Our Methodology

ClimaEmpact is a framework designed to enhance the understanding of extreme weather events using large language models (LLMs). It bridges the data gap in underrepresented regions by analyzing news articles and other text sources to assess event severity, extract key themes, and evaluate public sentiment. This enables faster, more accurate decision-making when structured data is limited.

We use news articles as the primary data source. The ExtremeWeatherNews dataset comprises articles collected for 60 distinct extreme weather events, selected based on ClimaMeter. These events include heatwaves, cold spells, extreme wind, and extreme precipitation.

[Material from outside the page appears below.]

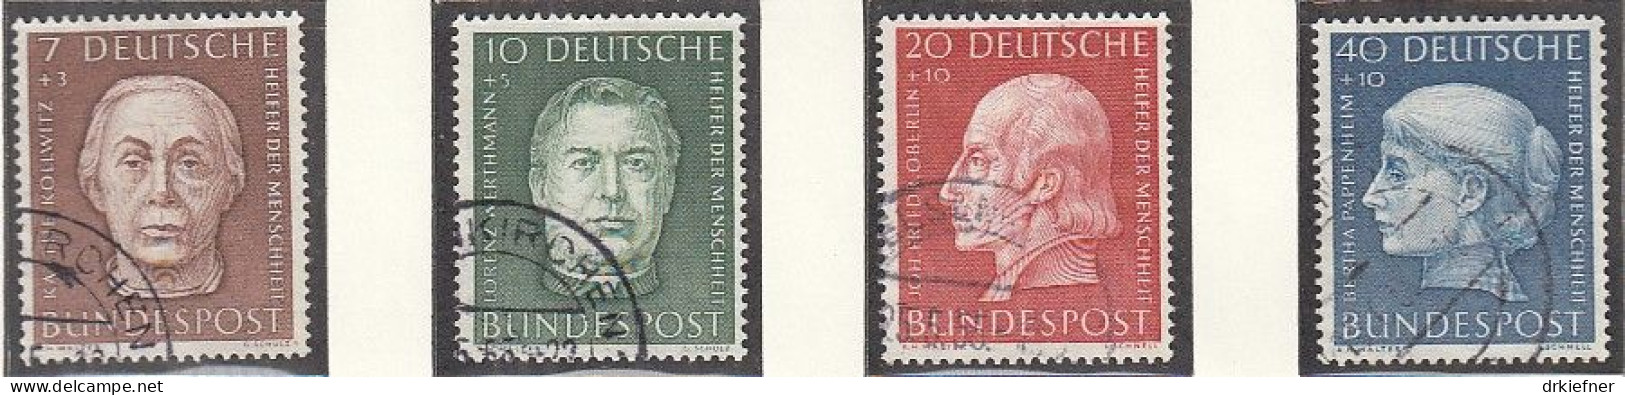 BRD 200-203, Gestempelt, Wohlfahrt: Helfer Der Menschheit, 1954 - Oblitérés

Our reports are generated using Domain-Aligned Small Language Models (SLMs), fine-tuned with climate-specific reasoning paths and real-world news data.

FAQs on the Methodology

News articles for 60 extreme weather events are collected using web scraping with Google News RSS and newspaper3k. Articles are filtered for English text, date range (±1 month), and relevance, with noisy and off-topic sentences removed.

The Flair NER tagger is used to identify geopolitical entities (GPEs) in each sentence. Sentences without location tags or those outside event-specific geographical scopes are discarded to ensure precision.

Three keyword groups—public (e.g., 'evacuation'), economic (e.g., 'insurance'), and weather-related (e.g., 'rain')—ensure comprehensive coverage of impacts, responses, and meteorological relevance during article retrieval.

ClimaMeter provides a curated list of 60 extreme weather events, including type, location, and date, which guide the web scraping targets and ensure a geographically and thematically diverse dataset.

Using one-shot prompting with Qwen2.5-32B-Instruct, 30k samples are generated from the news sentences, each containing task-specific labels and detailed reasoning paths for alignment across three tasks.

Prompts include detailed category definitions and structured reasoning templates. Annotators check clarity, relevance, and explanation consistency to ensure logical coherence and domain specificity.

Three tasks—(1) vulnerability/impact/emergency categorization, (2) topic/subtopic/keyword labeling, and (3) emotion analysis—capture practical, policy-relevant aspects of extreme weather impacts and public response.

LLMs are prompted to assign normalized probability scores (summing to 1) across predefined categories, capturing uncertainty and allowing multi-label reasoning in ambiguous or overlapping cases.

Prompts follow a fixed format with <think> for reasoning and <output> for final probabilities. They include category definitions and formatting rules to ensure interpretability and post-processing ease.

The data includes LLM-generated rationales, expert-aligned definitions, balanced task coverage, and strict quality control through filtering and formatting, leading to high consistency and task-relevance.

EWRA is a two-stage fine-tuning approach where SLMs are first trained on implicit prompts and then explicitly guided data, enabling them to learn both flexible domain reasoning and precise task adherence.